Meetings come in different shapes and forms. Let’s chat about them.

Decisions

Most of the meetings come from the desire to have a decision made. The problem is in most cases is that these are not decisions to be made now. Software prototyping is cheap. We should just try to build a working solution and iterate around. Let’s prototype. Get someone most annoyed with the problem and leave them to build it. Of course, the clearer communication of what they are actually doing the better. It should be something like ‘hey I’m gonna build this – okay’ or even ‘hey, I’ve built that, let’s see how it behaves’ Does not need to be “we should now spend multiple meetings on discussing how this should be done’.

Sharing the knowledge

Other possible reasoning behind having a meeting can be that of some knowledge needs to be shared. And that’s a noble cause. Just don’t make a meeting out of it. Make a lecture. A presentation. No audience members interacting with each other. Speaker talking and maybe sometimes allowing questions. The knowledge sharing sessions are oftentimes a prelude to the decisionmaking meetings. See above.

Confirming your ideas

Sometimes however somebody just wants some confirmation on their idea, maybe before building a prototype. Then, there is a good chance that they already know who they should ask. No meeting then. Just ask the people you know you should ask. 1-on-1 interaction. Maybe somebody will overhear and start listening. Notice that the social dynamic is very different from the meeting then, two people having a conversation and another one politely listening, maybe being invited to the conversation after some while. Just look how it works in between the talks on conferences. Very different from “everybody says everything” meetings.
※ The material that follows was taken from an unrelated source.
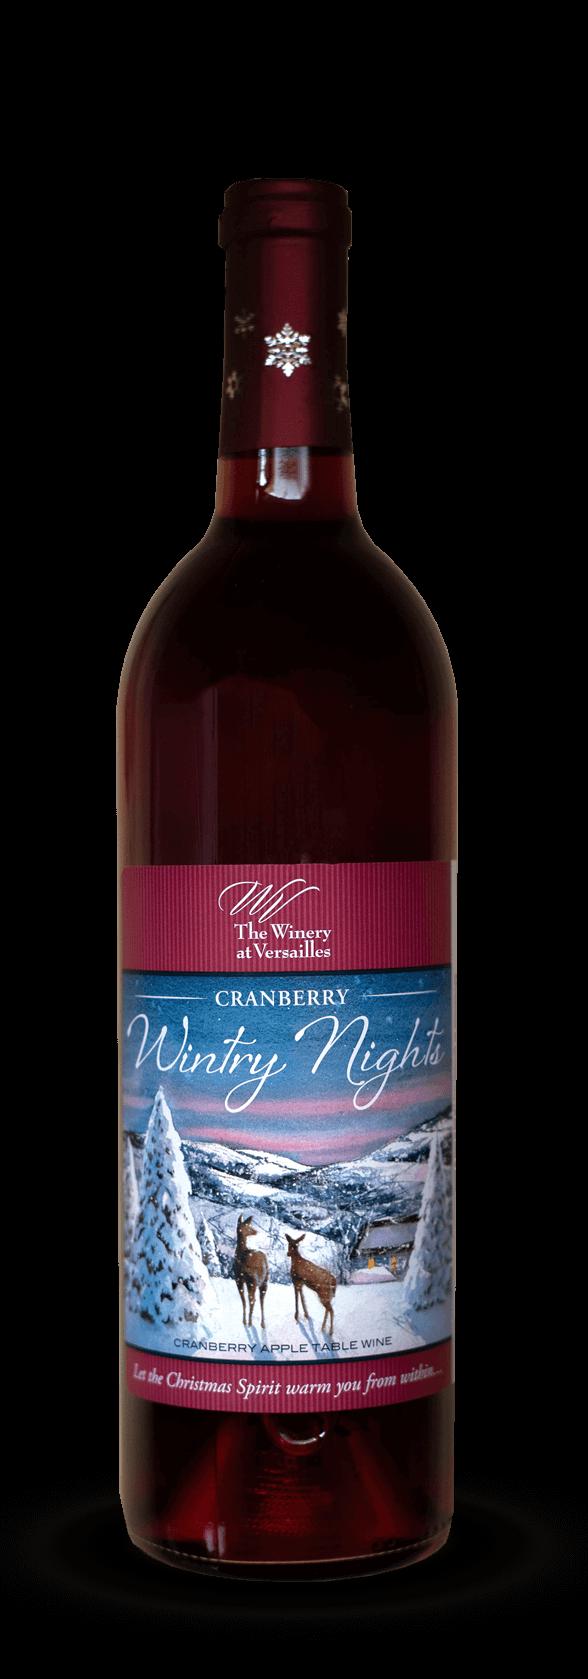 Cranberry Wintry Nights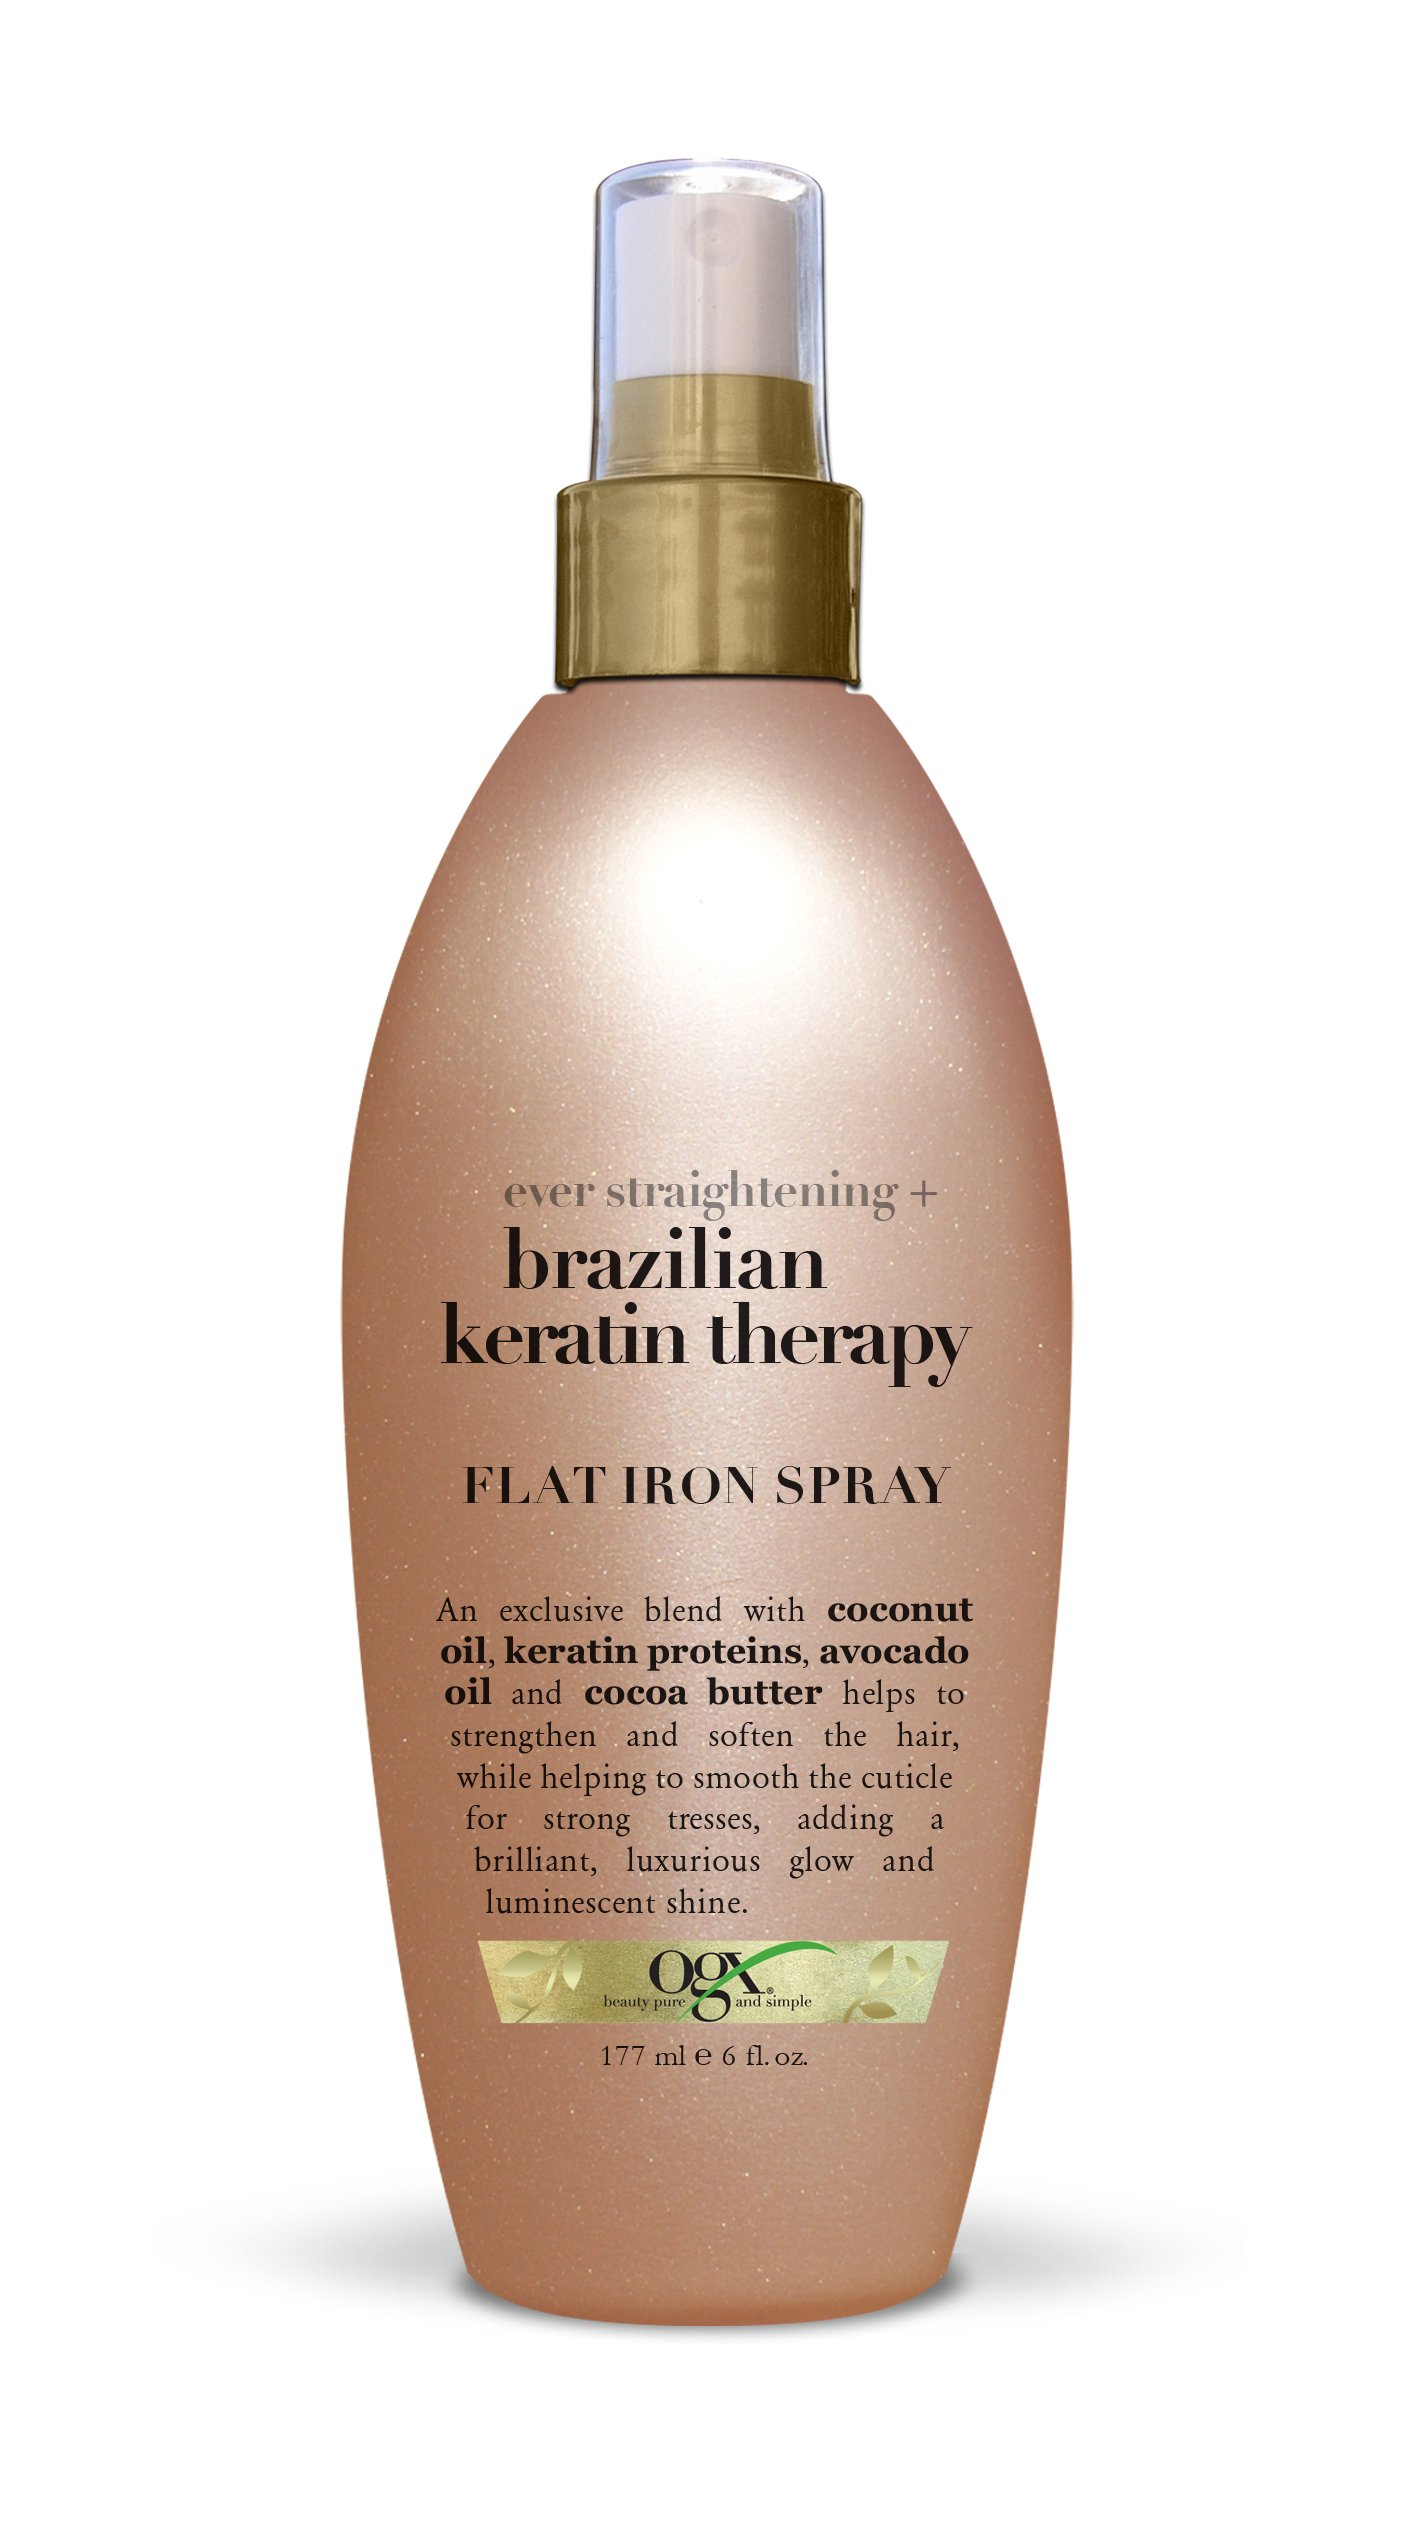 OGX Flat Iron Spray, Ever Straight Brazilian Keratin Therapy, 6oz

The meetings that are left

Also, if for some reason you really need to have a meeting – make it opt-in. Just the people who are interested coming. Set the timer. There is one I particularly like - a clock showing amount of money wasted so far by this meeting.

Post scriptum

37 signals on meetings: These folks have the idea of every communication should be async and read when convenient, hence their emphasis on email. That gets you to really think of your proposal and really describe it, which is good. To stop and think, RFC-style.